Lots of plans for the boat
Humminbird 898 sidescan
feed hoppers for the back of the boat
flip over bimini (similar to an ice shanty)
interior led lighting
windshield
radio
rhino line the inside
neo mats all around

I will update as the project progresses.


----------



## Zum (Aug 7, 2012)

Real nice boat.
Whats that attachment on the bow for...not the TM mount?
With that wide bottom,that 25hp should plane off,might need a smaler prop pitch though...nice find.


----------



## elcapitanmas (Aug 7, 2012)

thanks zum, the plate in the front is called a tree snugger. attach to the versa track so it sticks off any part of the boat, and pull up to a tree or pilon wrap a strap around the pilon or tree and it holds the boat there. The bigfoot is a torque motor, will have to see how it does once i get it on the water. Smaller prop would defeat the purpose of the "bigfoot" i would think. Hoping to get about 18-10mph out of her with a loaded boat.


----------



## tnriverluver (Aug 7, 2012)

Nice boat!! I looked real hard at the Grizzly 16 but with a hull weight of 550 lbs I couldn't pull the trigger. I don't know why the Grizzlies weight so much more than their competitors. Even War Eagles are lighter and use the same thickness Alum.


----------



## Ictalurus (Aug 8, 2012)

Very nice =D> =D> 

Where did you get the mount for the GPS unit?


----------



## Bailey Boat (Aug 8, 2012)

From experience I can say a couple of things. The early 4 stroke Mercs were "YamaMercs" in that the running gear is Merc but the powerhead is a Yamaha. Your powerhead should be Yamaha grey???? 
The other thing I can say is that with mine (25 BigFoot) running a 10x12 pitch prop it does 25 mph, REGARDLESS of whats in the boat. I usually hunt with one other guy and a load of dekes and get 25mph. A couple of time since I've had it I added another guy and some Goose decoys to the load and it ran 25 mph. On the bright side, when you go by a gas station you can wave them off 'cause mine sips fuel.
Another thing, props that fit a 40 will also fit the BigFoot......


----------



## elcapitanmas (Aug 9, 2012)

Thanks BB, I am going to look into getting the 10x12 prop, she only got up to 18mph last night, do you remember where you got yours from?
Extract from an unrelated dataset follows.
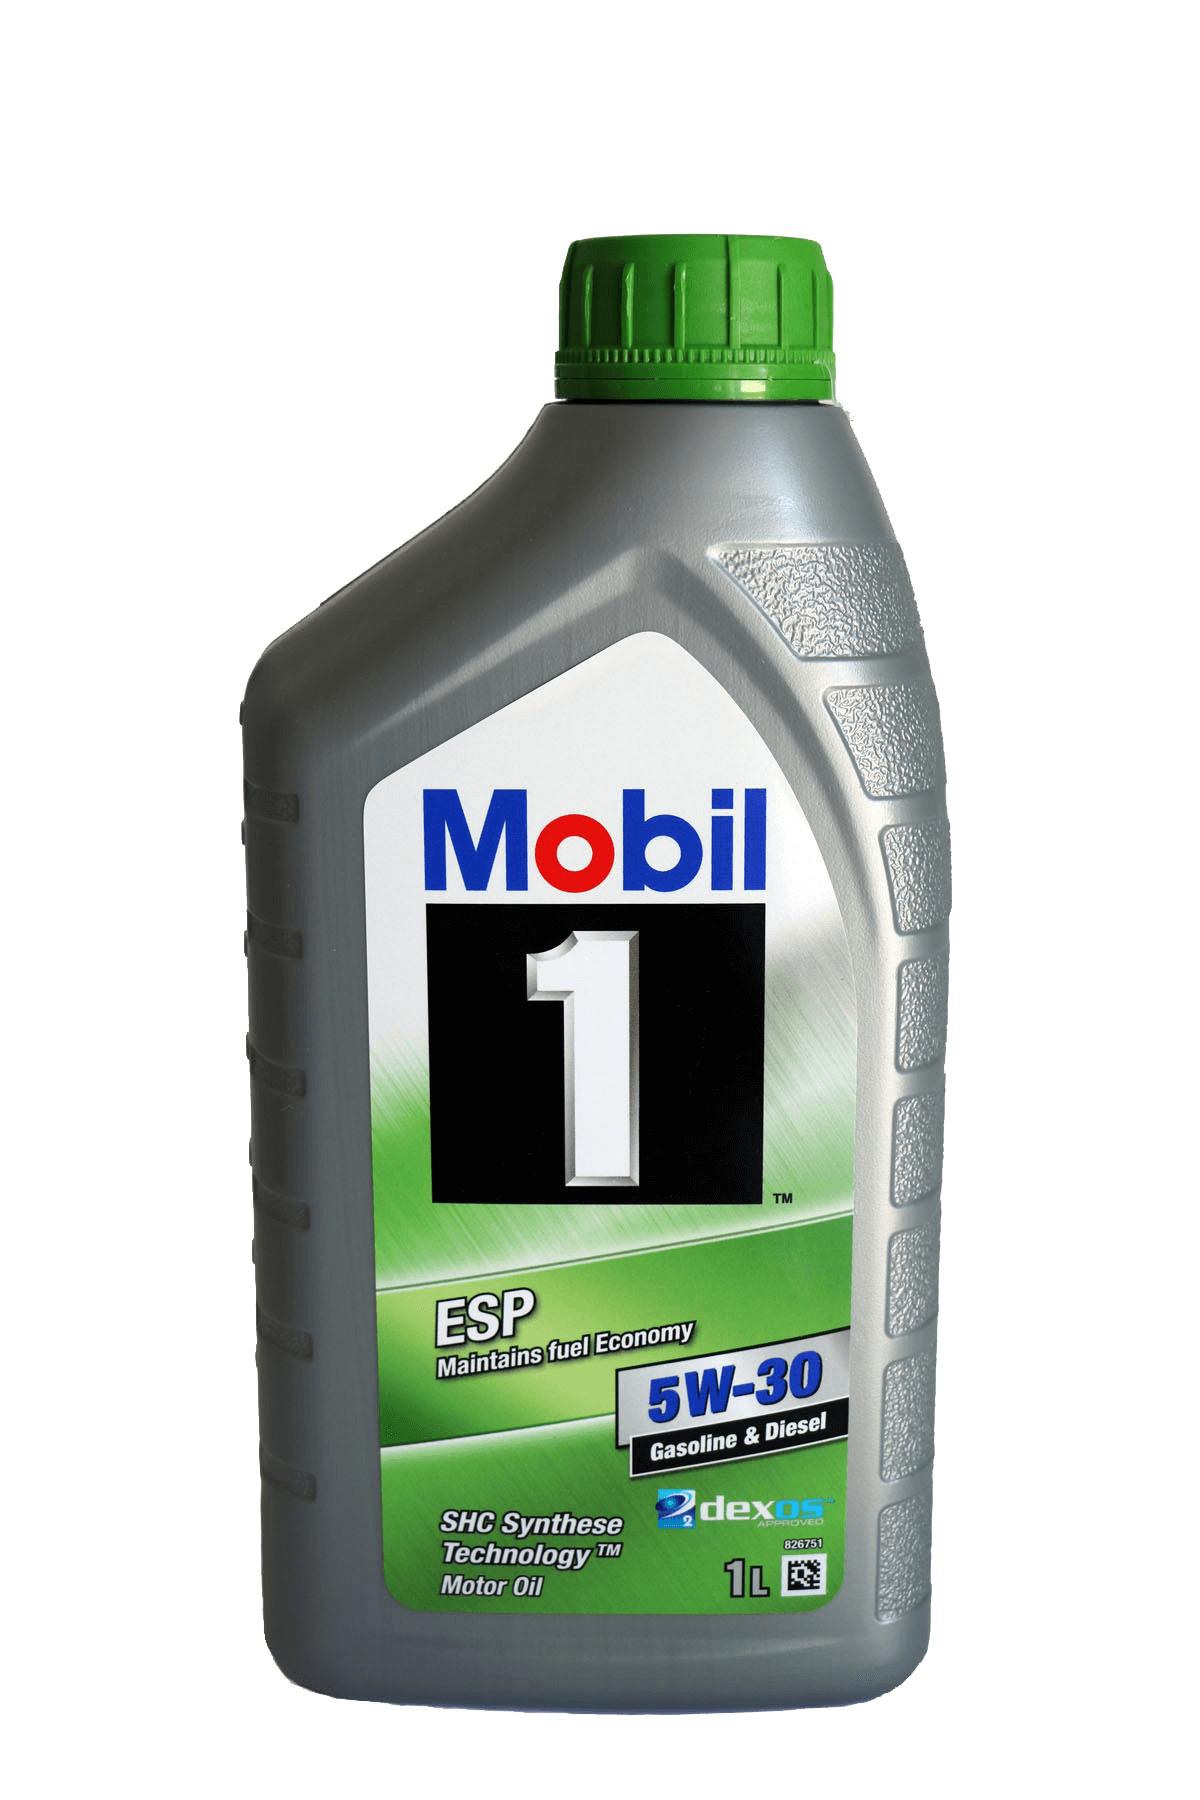 Mobil 1 ESP 5W-30 Motoröl, 1l

The gps mount I found in my parents garage, I'll see if I still have the package to see who makes it.


----------



## lowblazah (Aug 9, 2012)

I foresee you flipping that 25hp and going bigger. Alot bigger.


----------



## Bailey Boat (Aug 10, 2012)

elcapitanmas said:


> Thanks BB, I am going to look into getting the 10x12 prop, she only got up to 18mph last night, do you remember where you got yours from?



I ordered it through my local Merc dealer. Best as I recall it was in the 130.00 range..... If you have a dealer ask them if they have a used prop you could demo before buying, mine did.


----------



## elcapitanmas (Aug 13, 2012)

lowblazah said:


> I foresee you flipping that 25hp and going bigger. Alot bigger.



I will def be bumping up the horses in the next couple years, one of the many benefits of getting a great deal on the merc was that I should have no problem making a few bucks when I'm ready to upgrade. I'm thinking a 90 horse jet should do the trick.


----------



## elcapitanmas (Jan 17, 2013)

with the warm weather and lack of safe ice, the boat project list has been dusted off. I've got a bunch of things I'd like to accomplish this spring and hopefully will be able to get it all done.

push pole, planning to make it out of pvc, 2 pieces, one smaller diameter inside the bigger for rigidity and a t on the bottom.

new lowrance elite 7 dsi looks to be the best 7" screen for the price on the market right now. Anyone that has one, I'm curious as to what the included map detail is like.

some kind of anchor poles, i'm thinking something similar to the ones on skinnywaterproducts.com

some kind of complete hoop style flip over cover that I can use when the weather gets rough.


----------